Use by the St. Louis Blues
The National Hockey League's (NHL) St. Louis Blues began using Branigan's cover version of "Gloria" as its unofficial victory song when they went on a franchise-record 11-game winning streak during the 2018–19 season. The origins of "Gloria"'s association with the Blues came from when a few Blues players visited a bar in South Philadelphia called Jacks NYB to watch the "Double Doink" NFL Wild Card game between the Philadelphia Eagles and Chicago Bears.

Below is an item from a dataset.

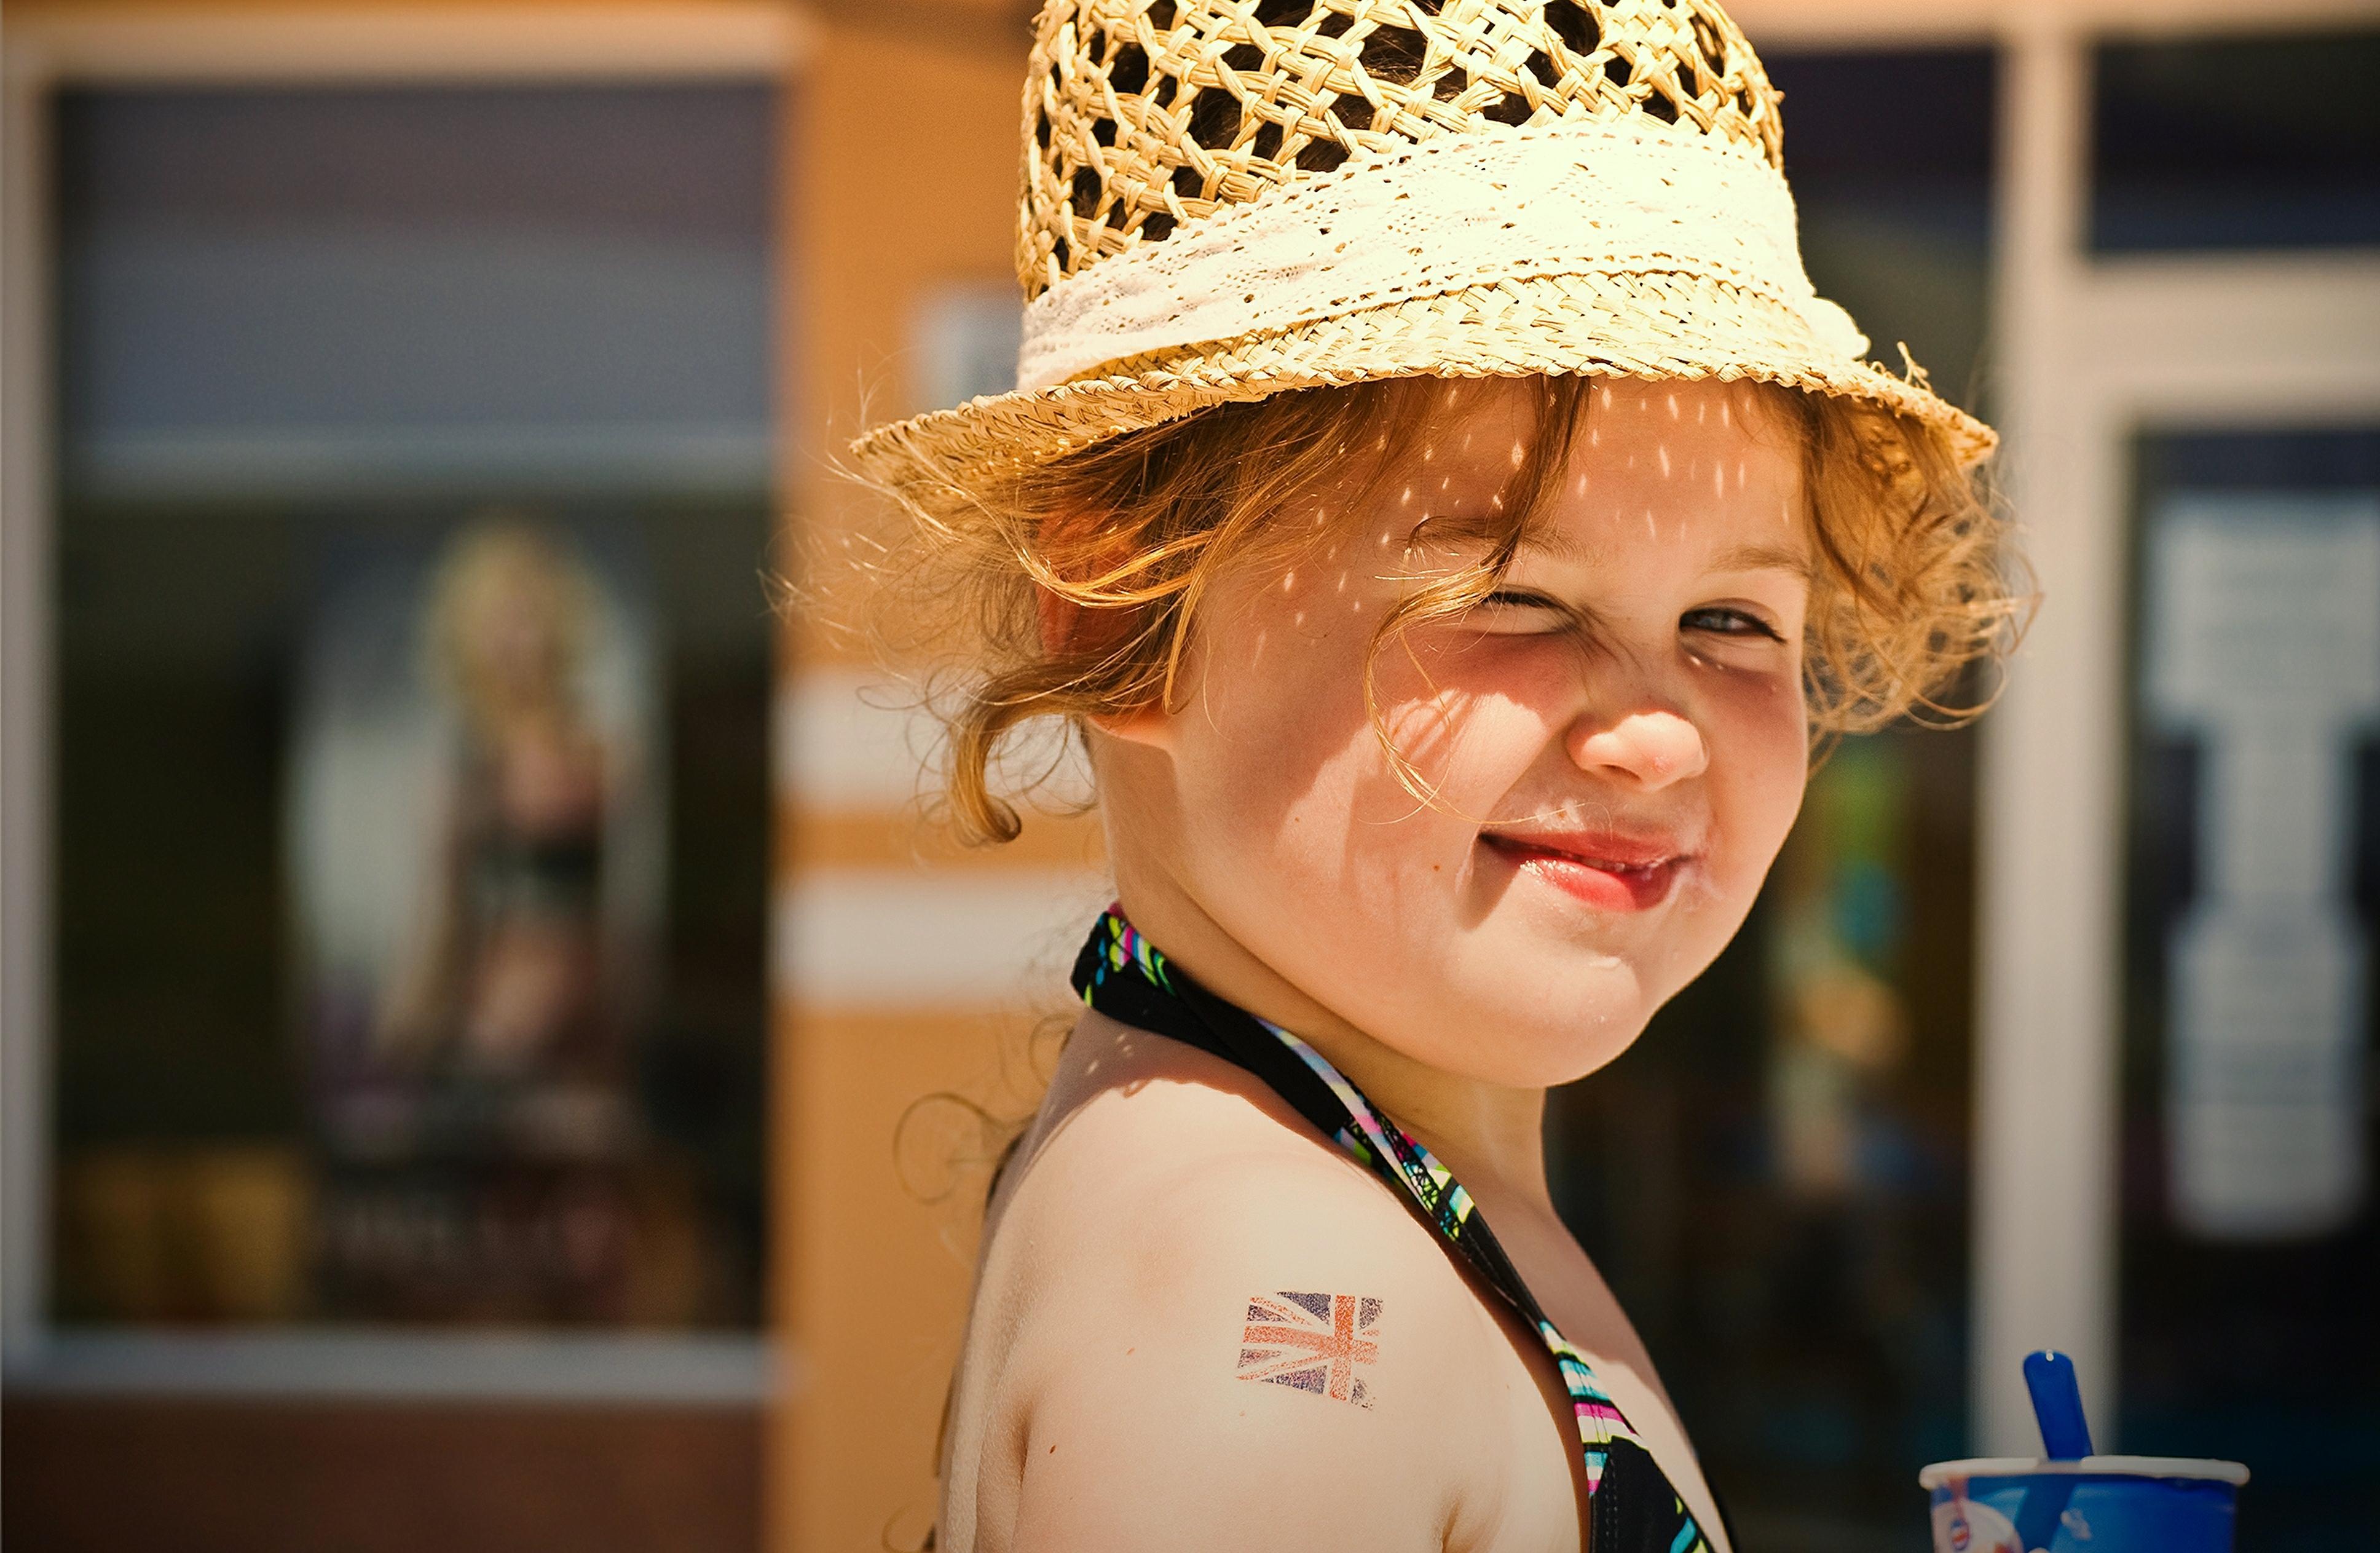 Una pequeña niña rubia - 3872x2526

After a victory over the Philadelphia Flyers, which came after a disappointing season, the Blues played "Gloria" in the locker room to celebrate their victory, with it then becoming a regular locker room ritual. When their stadium's DJ learned of it, he began playing the song in the stadium to rally the team. The song was played at Enterprise Center every time the Blues won a game in the 2018-2019 season, leading to "Play Gloria!" becoming both a meme and victory chant for Blues fans. Local radio station Y98 played the song for 24 hours following the Blues' Game 7 victory over the Dallas Stars in May 2019, and again after beating the Boston Bruins in the Stanley Cup Finals. The bands Phish and Vampire Weekend, who were both holding concerts in St. Louis on the night of Game 7, performed covers of "Gloria" when they learned the Blues had won the Cup.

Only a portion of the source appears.